Data excerpt =
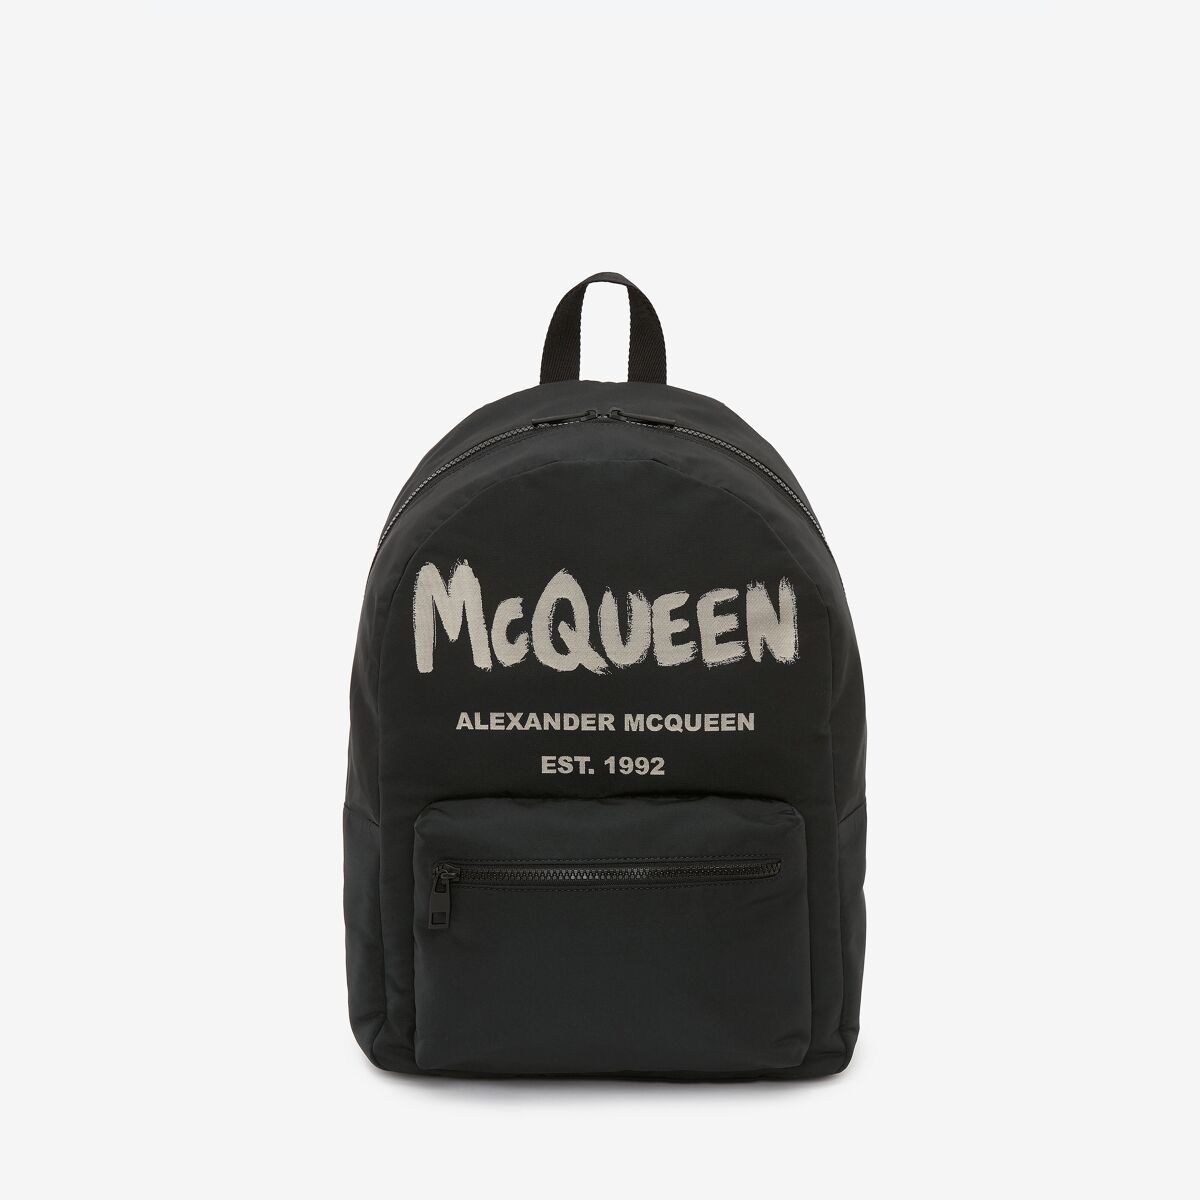 ALEXANDER MCQUEEN McQueen Graffiti Metropolitan Backpack
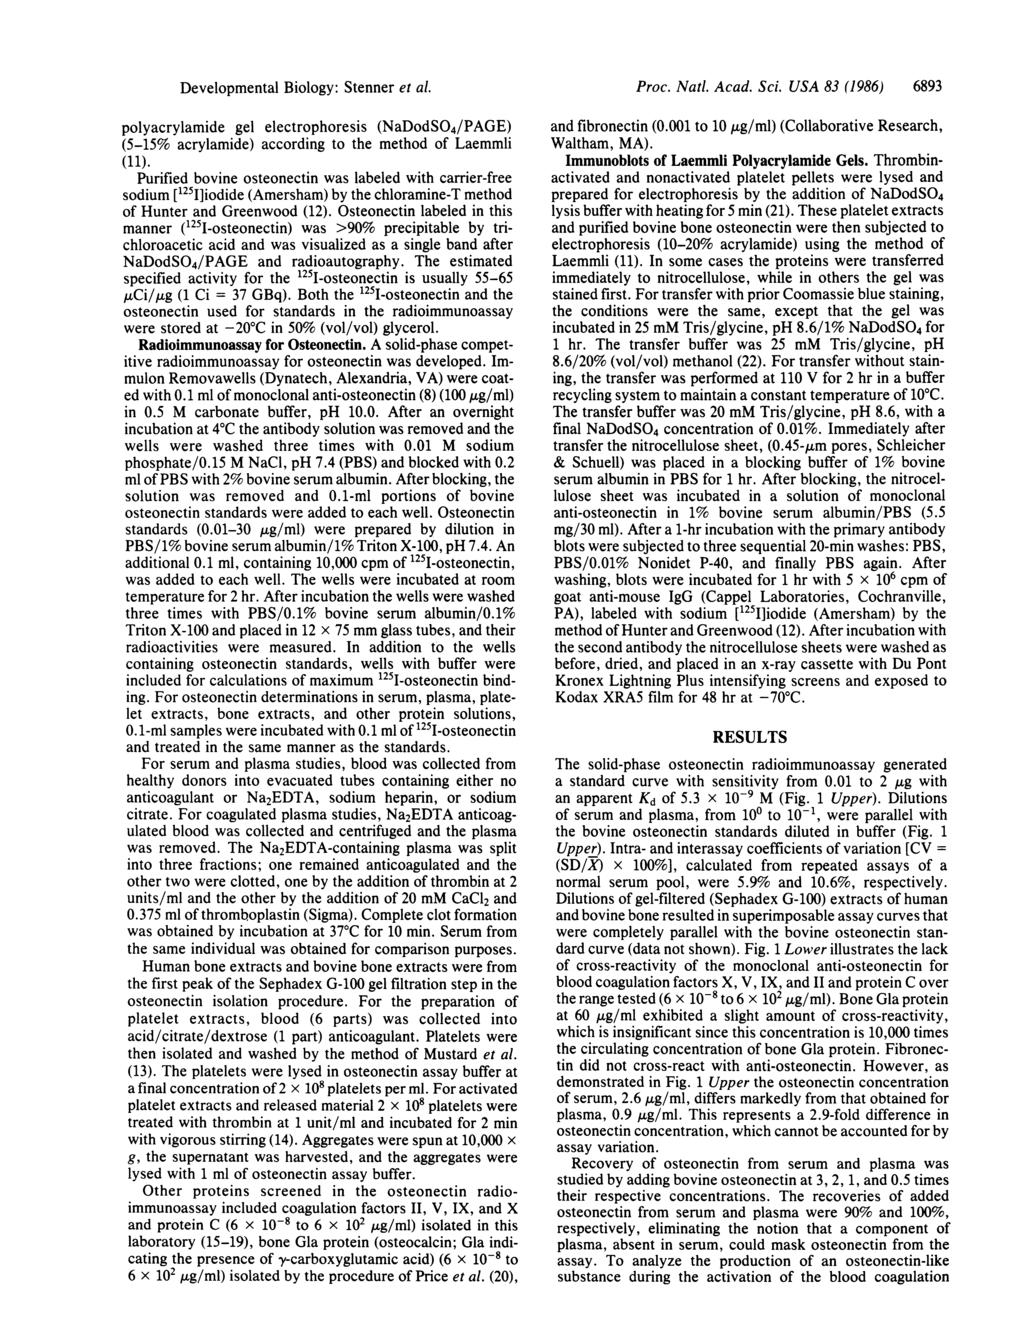 Developmental Biology: Stenner et al. polyacrylamide gel electrophoresis (NaDodSO4/PAGE) (5-15% acrylamide) according to the method of Laemmli (11).
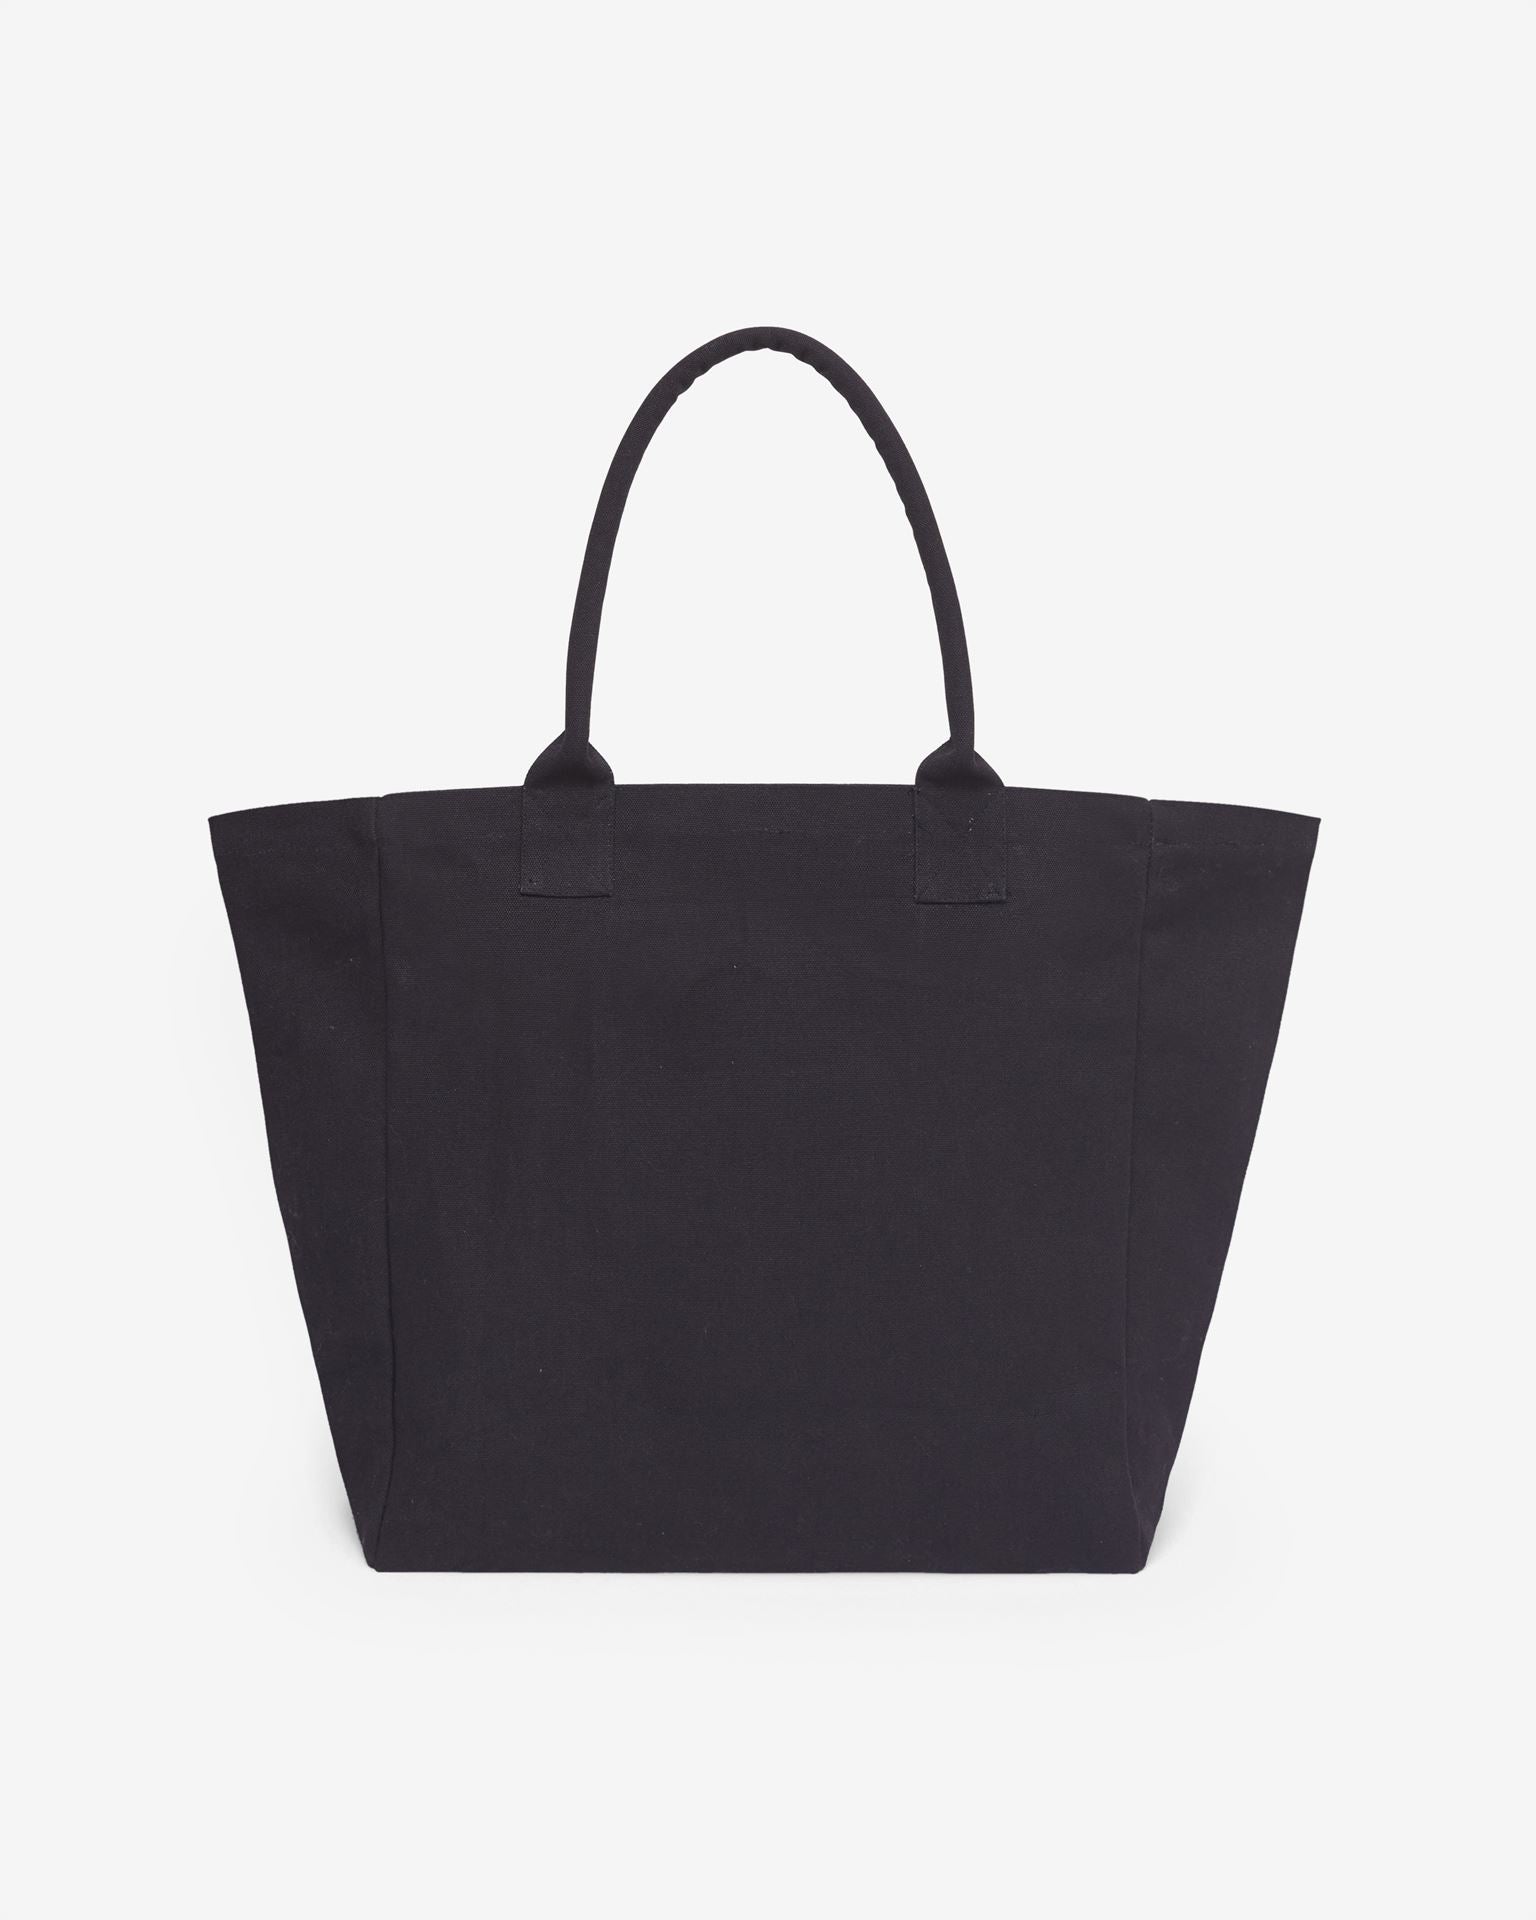 Yenky bag, black

Problem description = Word-for-word transcription: the whole listing, with images excluded.

Exercise result =
 ALEXANDER MCQUEEN McQueen Graffiti Metropolitan Backpack
 Developmental Biology: Stenner et al. polyacrylamide gel electrophoresis (NaDodSO4/PAGE) (5-15% acrylamide) according to the method of Laemmli (11).
 Yenky bag, black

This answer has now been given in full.